Log viewer

Dynatrace version 1.206+

The log viewer enables you to browse logs within a certain timeframe using detected aspects of the log content. You can use automatically generated facets to narrow down your log view and focus on a specific aspect of the log content.

To access the log viewer, in the Dynatrace menu, go to Logs. The log viewer has four sections:

In Filter by, you can set filters to narrow down the log events that are displayed in the results table. Select Advanced query to edit the query manually.

  • With Filter by displayed (the default), the filter is in autocomplete mode, where you select from a set of detected log data fields to filter the results (limit of 10 different attributes). For filters with the same attributes, only one statement needs to be true. For filters with different attributes, all statements need to be true. While in the auto-complete mode, selected filters and facets are synchronized automatically.

  • With Advanced query selected, you can specify more complex criteria for log events by using combinations of keywords, phrases, logical operators, and parentheses (limit of 10 different attrbiutes). The Dynatrace search query language provides you with complete flexibility over searches through log content. You can use the query entry to quickly text search the content of the log data. Any string entered in the query text box without specifying the log data attribute will be treated as a simple text search on the log data content.

You can turn Advanced query on and off to switch between the auto-complete and advanced modes. Dynatrace will transform the auto-complete filters to a query and vice versa provided that the query in the advanced mode can be transformed. Some complex queries with logical operators cannot be converted to auto-complete filters, in which case switching to auto-complete mode becomes unavailable.

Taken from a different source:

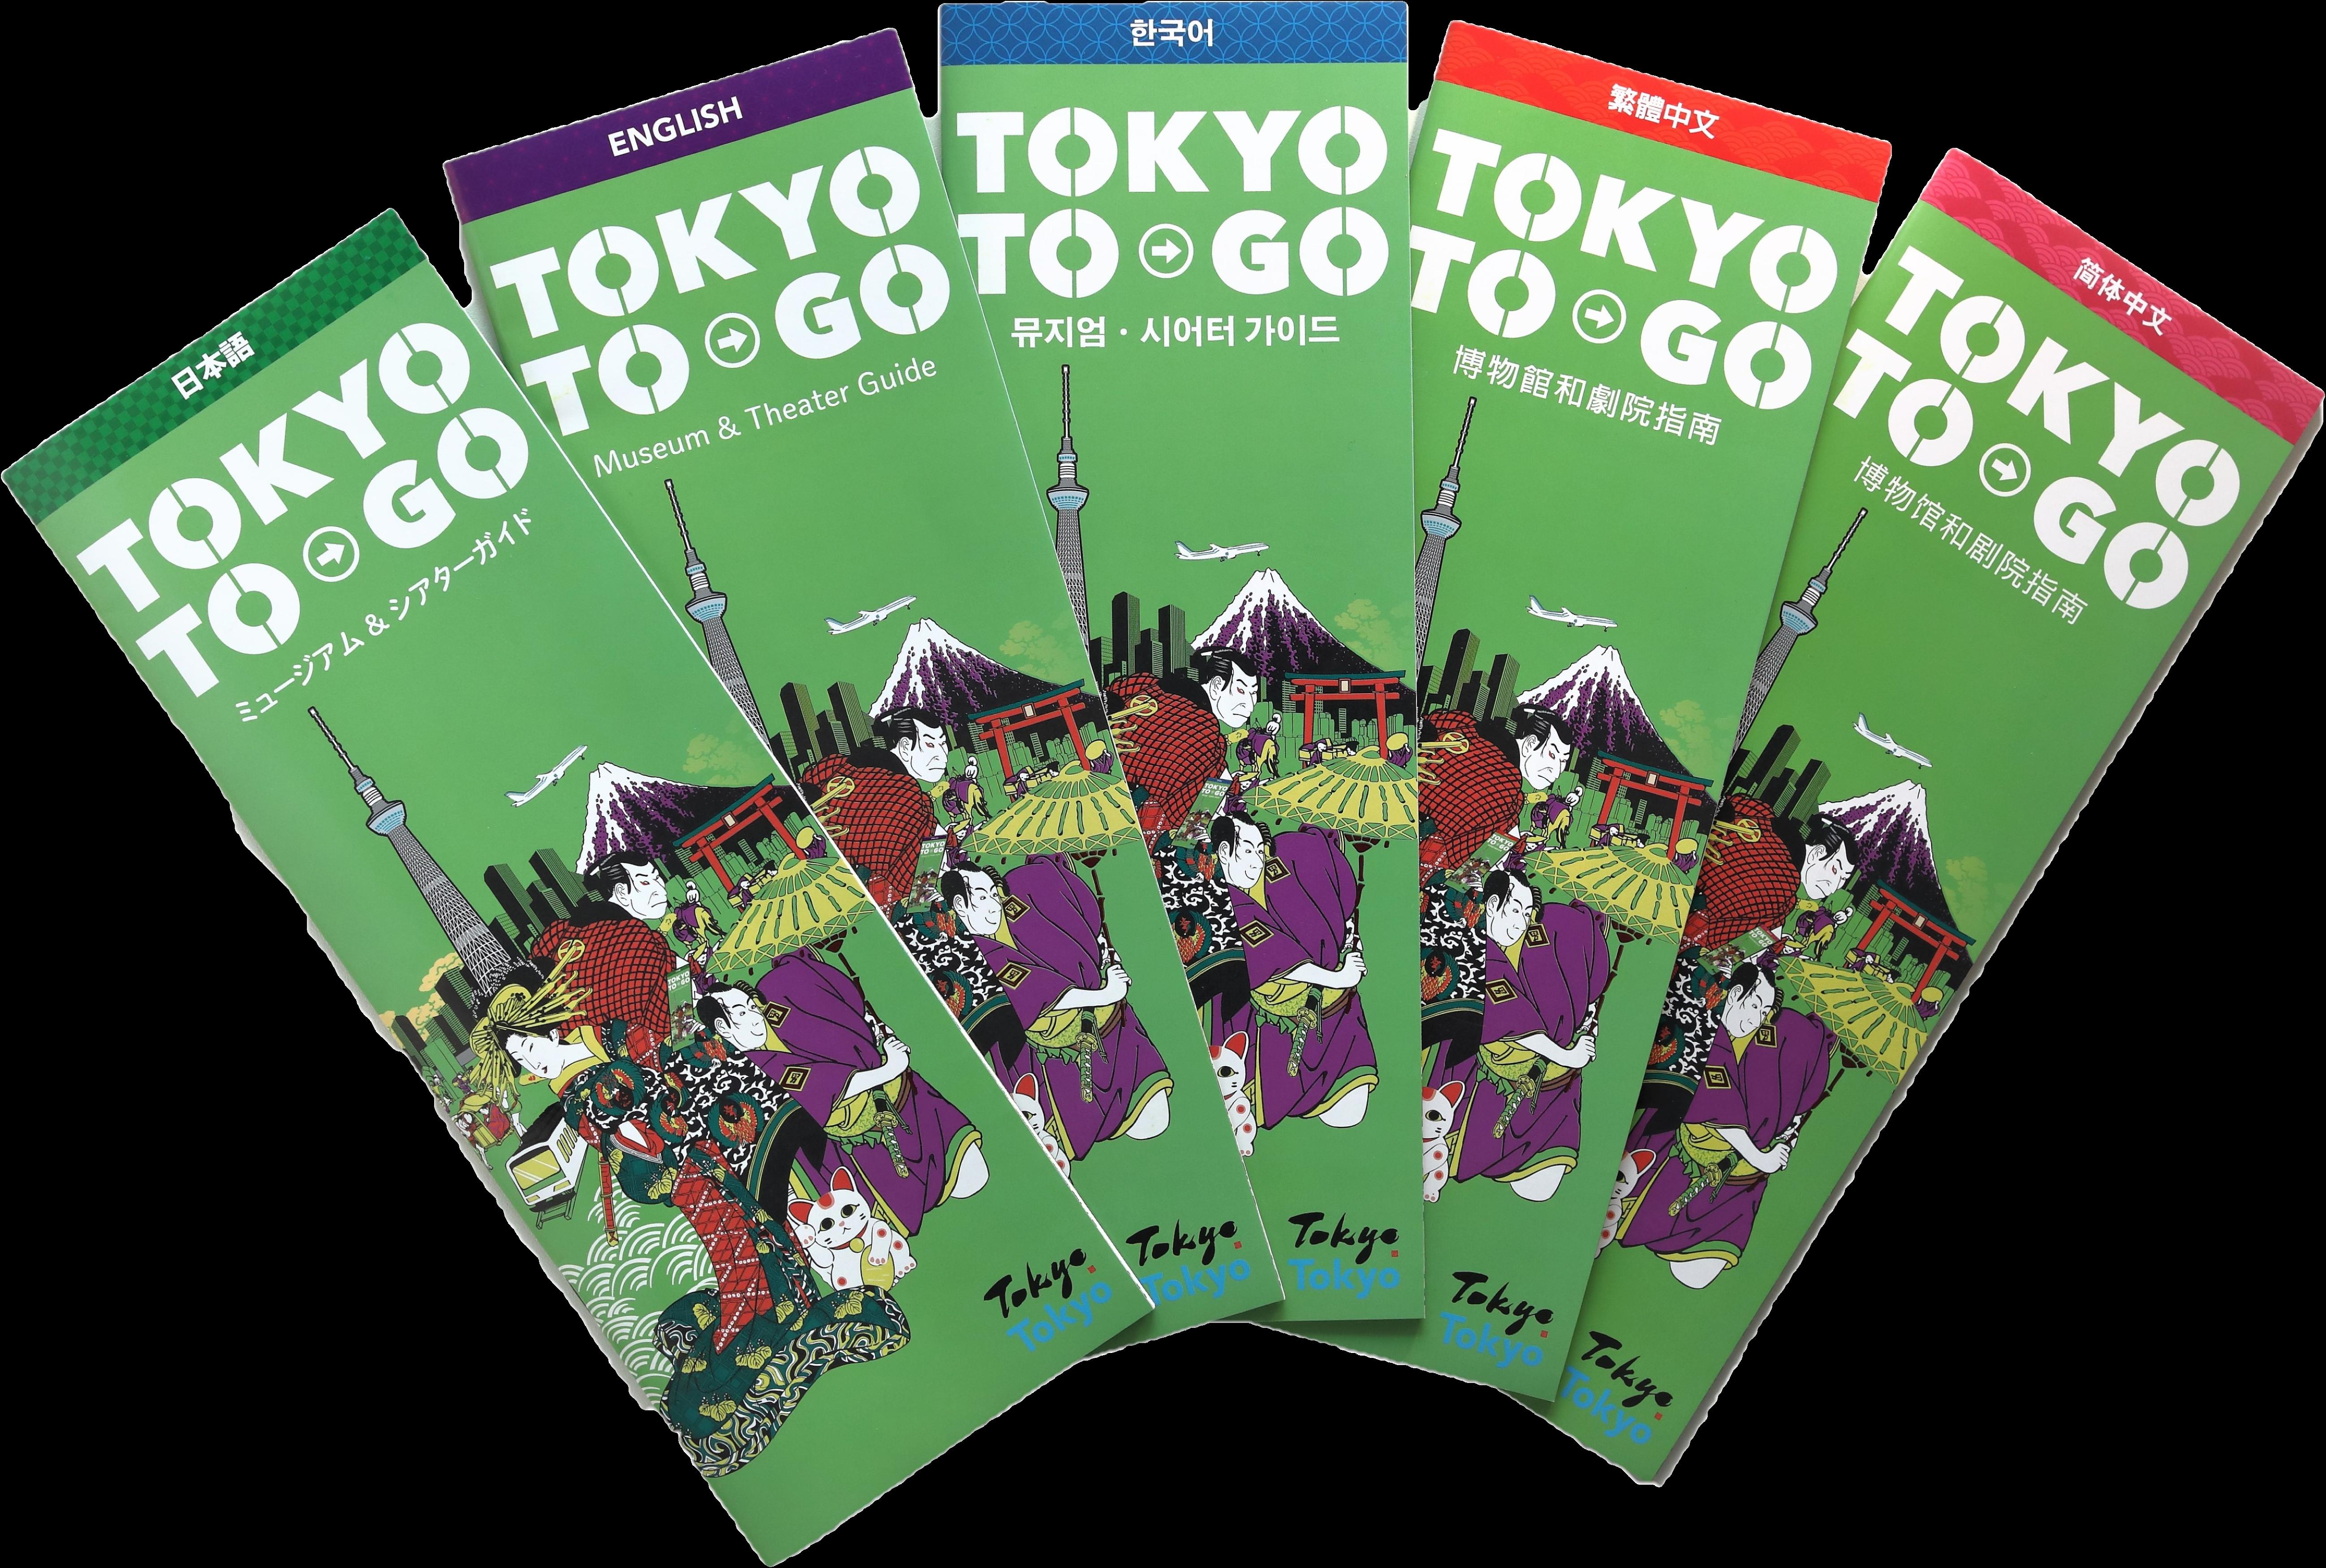 都立文化施設の多言語ガイドブック tokyo to go を無料配布中 公益

Tip: In the advanced mode, you can run an empty query to return unfiltered log data.


The log chart is a histogram of log events over time that gives you a quick overview of logs and their severity within the selected timeframe.

Results table

The results table under the chart displays the log events that match the provided query and filter within the selected timeframe. Each row in the table represents a log record and can be expanded for detailed log data. The first 100 matching records are displayed, but you can view more results by selecting Show 100 more at the bottom of the table.

By default, ingested log records are sorted according to timestamp and then according to the order that is maintained in the log source, where a log source is a remote process writing to a REST API endpoint or a remote process on which logs are detected.

Hint: By default, the log viewer displays a maximum of 1,000 log events. If you don't see expected results, run a more exact query or narrow down the timeframe to see better focused log data.

To show or hide specific columns in the result table

  1. Select Table options.
    This lists Dynatrace generated and reserved log attributes that you can add to the results table for visibility and use as dimensions when creating a log metric. For example, you can use the dt.entity.process_group attribute to display the process group instance for which the log event occurred.
  2. Select or clear checkboxes to display or hide the corresponding columns in the table.


Facets (displayed to the left of the table) provide you with an overview and the ability to filter the log data. Facets are automatically detected attributes of the data presented in the table. You can use them to quickly filter the result table data for a specific log data attribute. Each facet displays the ten most popular values for that attribute. To filter all values for a particular attribute (facet), create and run a query in the log viewer search.

Unique log data attributes (high-cardinality attributes) such as span_id and trace_id generate unnecessarily excessive facet lists that may impact log viewer performance. Because of this, they aren't listed in facets. You can still use them in an advanced search query.